Use in Specific Populations:

• Pregnancy: If Capivasertib is used with Fulvestrant, the growing fetus may suffer. Women who are pregnant or intend to become pregnant should review the complete Fulvestrant information. Pregnant women or those who may become pregnant should be informed of the hazards, as animal studies have demonstrated negative consequences. Since there is no information about Capivasertib use during human pregnancy, caution is advised.

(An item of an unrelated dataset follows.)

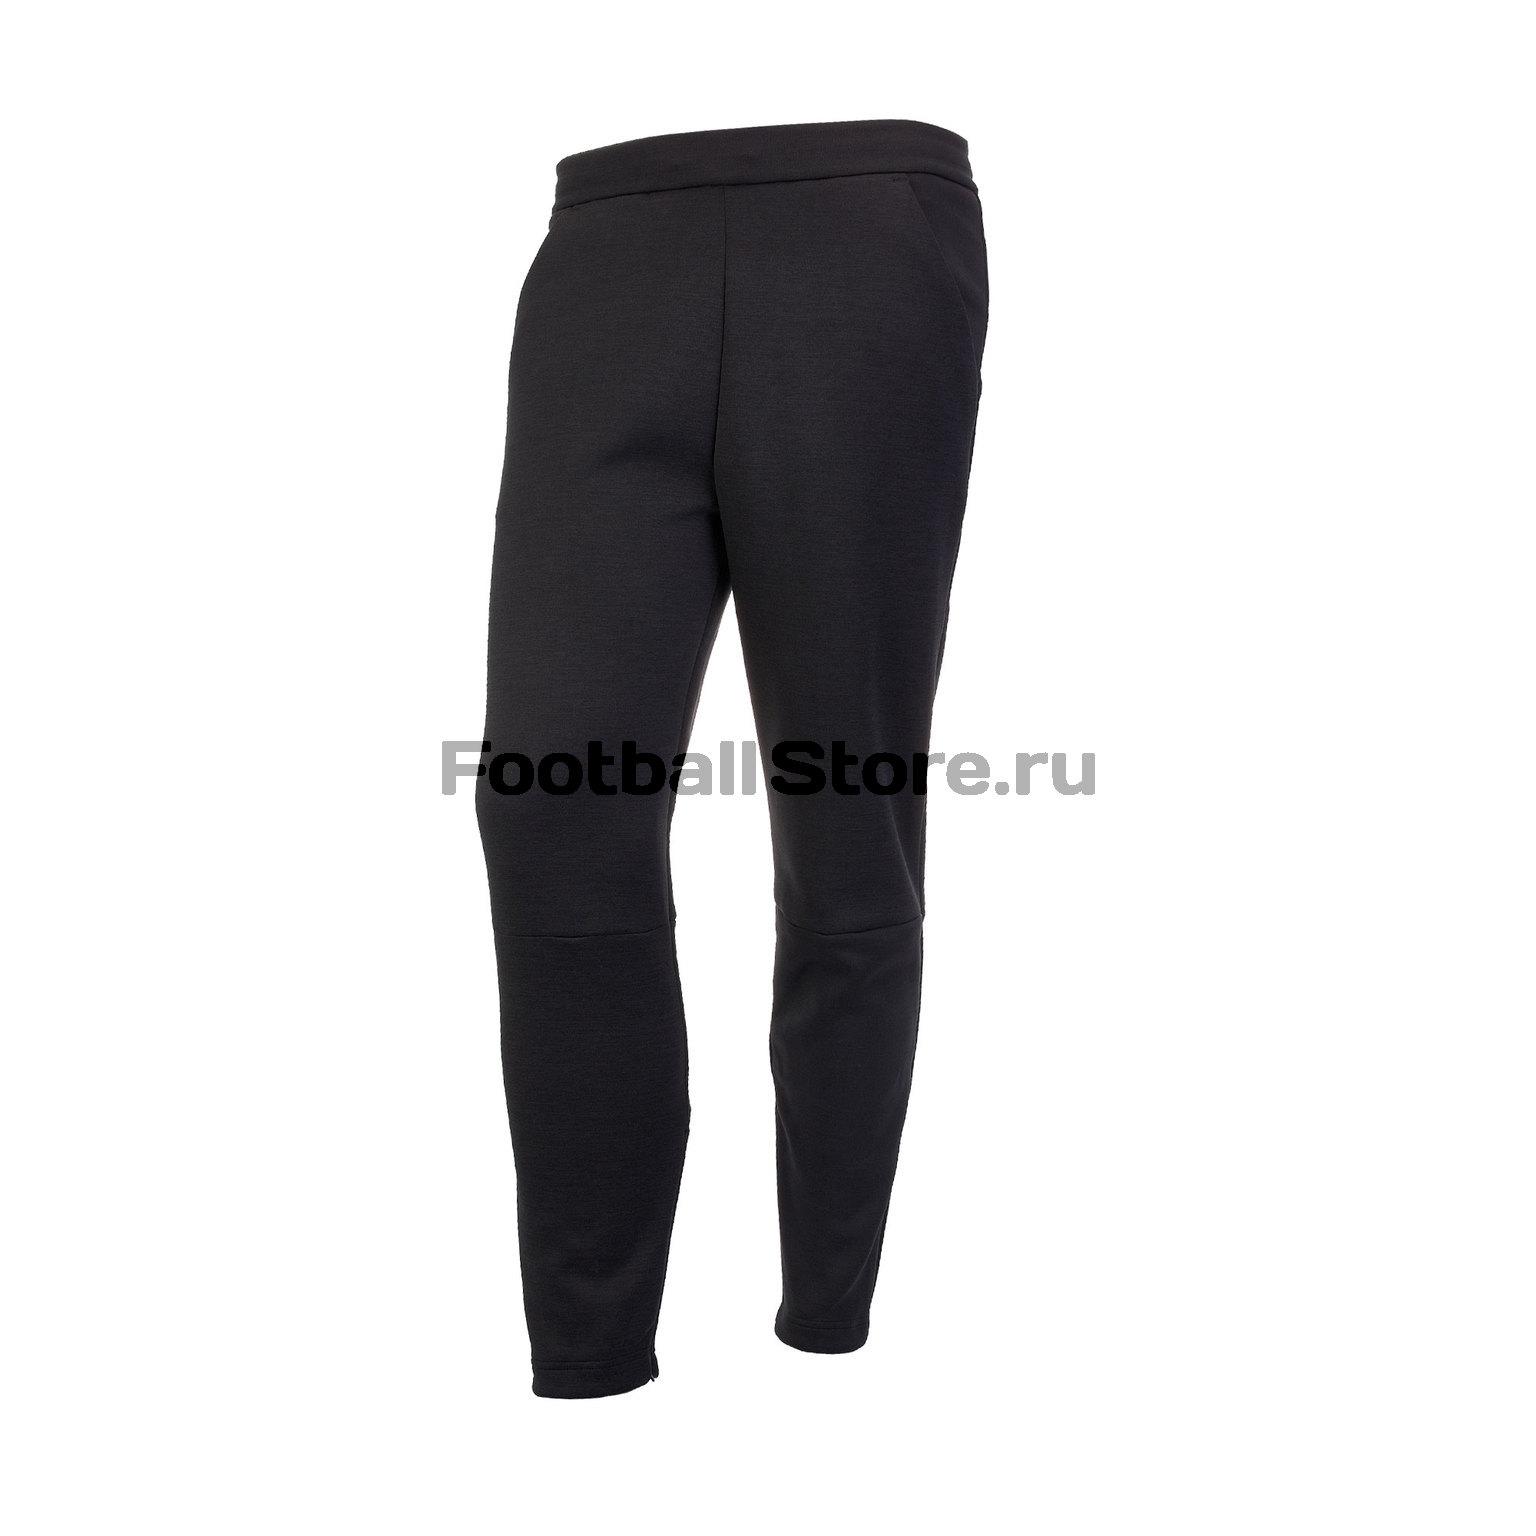 Брюки Adidas ZNE D74654 рюкзак adidas zne bp core gr цвет черный dt5086

• Lactation: It is unclear how Capivasertib will affect nursing. There is a lack of information regarding Capivasertib in human milk, and it is advisable to use caution as it may cause harm to a breastfeeding infant.

• Reproductive Potential: Pregnancy testing is advised before beginning treatment since Capivasertib can be harmful to a fetus. It is recommended that women use effective contraception during and for one month following treatment and that men who have female partners use contraception for four months following the final dose.

• Pediatric Use: There is no proof of the safety or efficacy of Capivasertib in kids.

• Geriatric Use: Compared to younger patients, patients over 65 had increased rates of severe adverse events, dose modifications, interruptions, and permanent discontinuations, but there were no appreciable variations in Capivasertib's effectiveness.

• Renal Impairment: Mild to severe renal impairment does not require dose modification. There are no data on severe renal impairment.

• Hepatic Impairment: It is not advisable to change the dosage in cases of minor hepatic impairment. Caution is suggested as moderate impairment may enhance exposure to Capivasertib. There are no data available on severe liver impairment.